(Try it):
Write out again, exactly, the lines below starting at the one with "Autism Soccer Flyer.jpg" and ending at the one with "Holley 0-4412CT Circle".

*** Task material

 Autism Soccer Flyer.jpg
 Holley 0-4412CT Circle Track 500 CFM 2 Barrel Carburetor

******
*** Task material

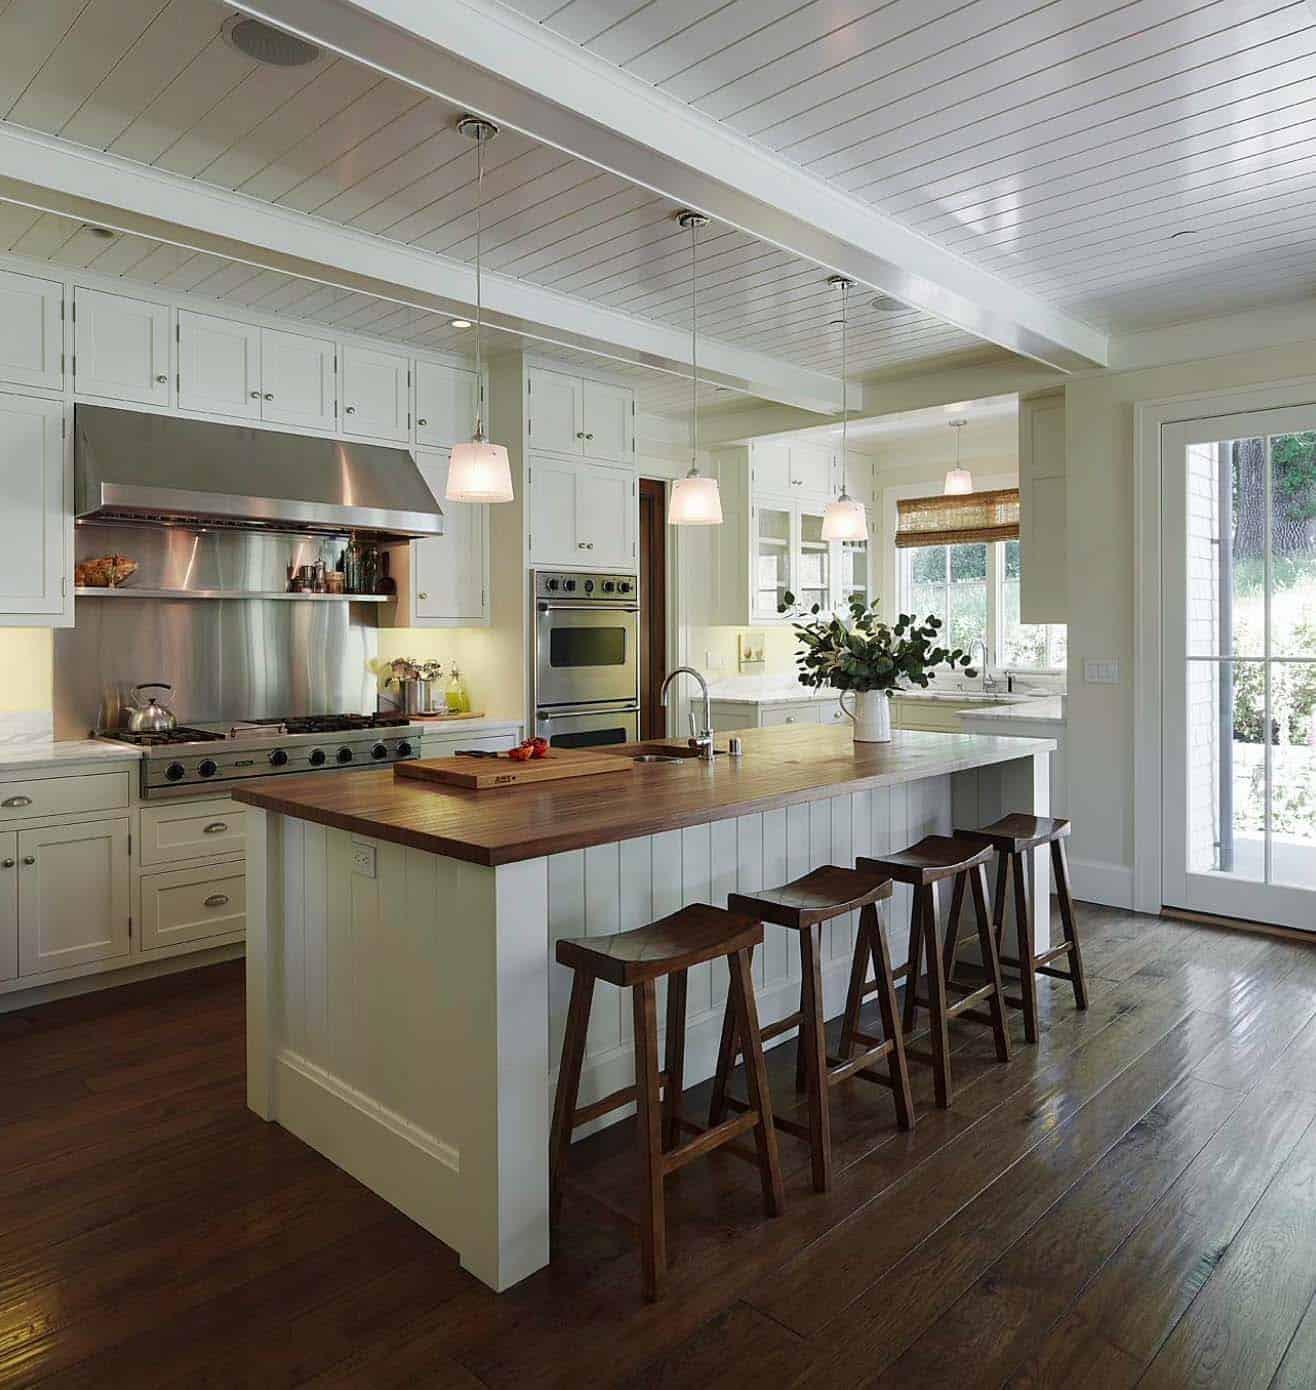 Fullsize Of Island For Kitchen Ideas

******
*** Task material

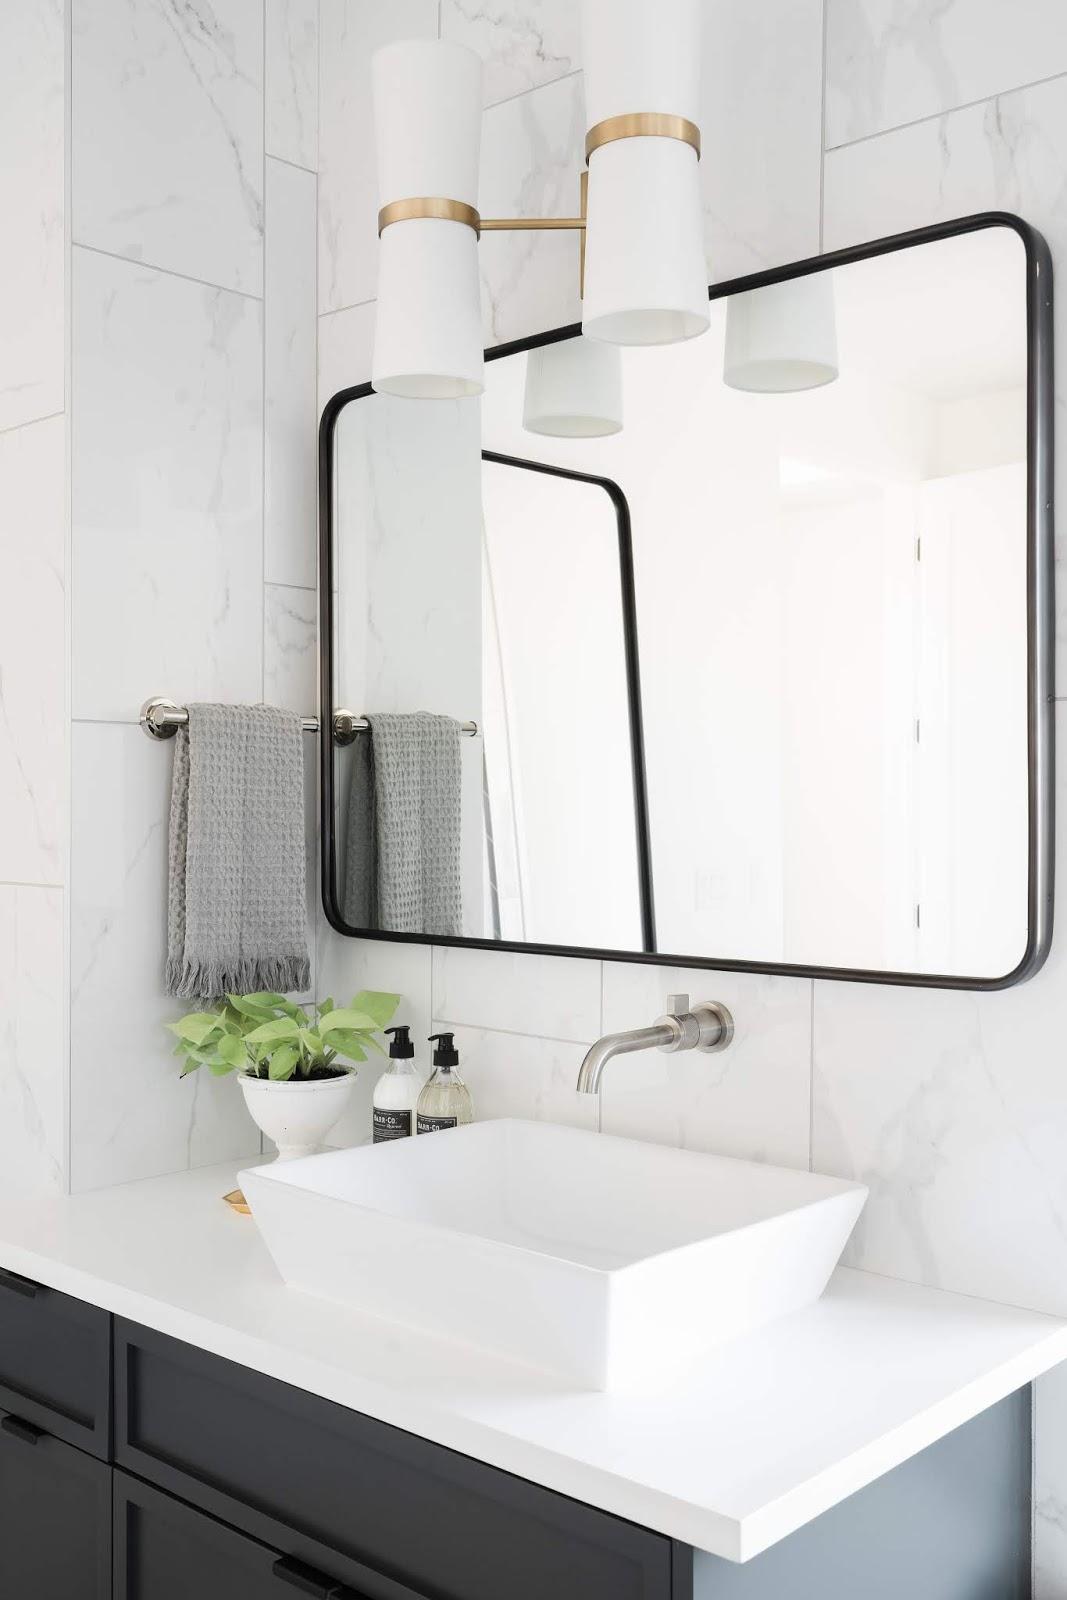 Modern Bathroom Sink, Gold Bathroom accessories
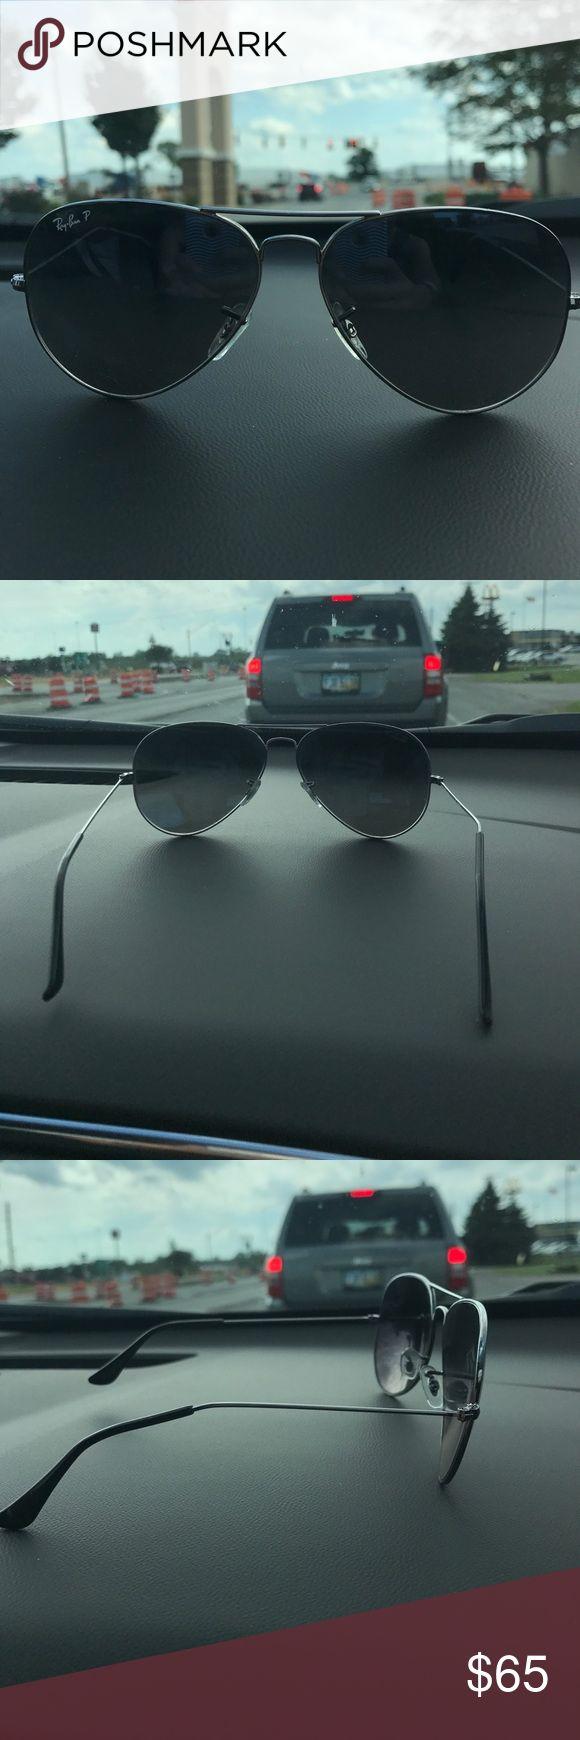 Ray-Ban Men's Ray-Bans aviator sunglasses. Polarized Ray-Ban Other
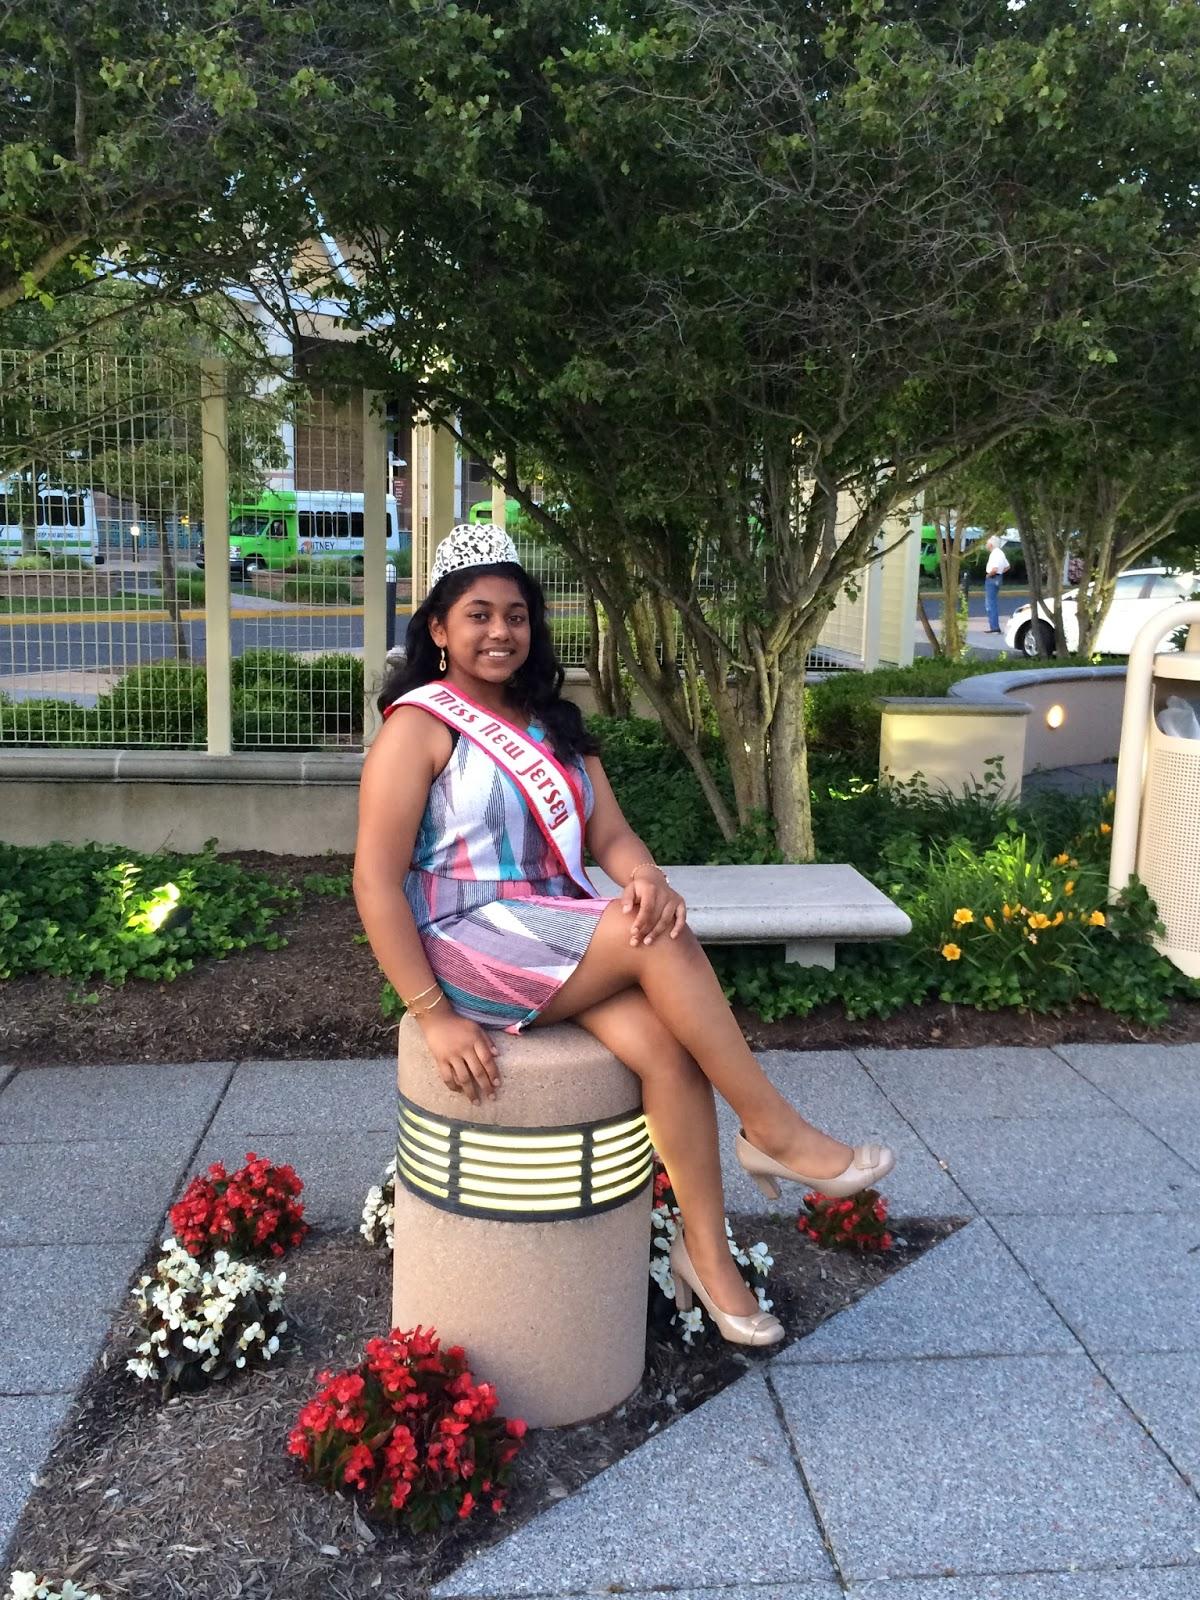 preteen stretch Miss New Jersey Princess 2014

******

(Response to this exercise):
 Autism Soccer Flyer.jpg
 Holley 0-4412CT Circle Track 500 CFM 2 Barrel Carburetor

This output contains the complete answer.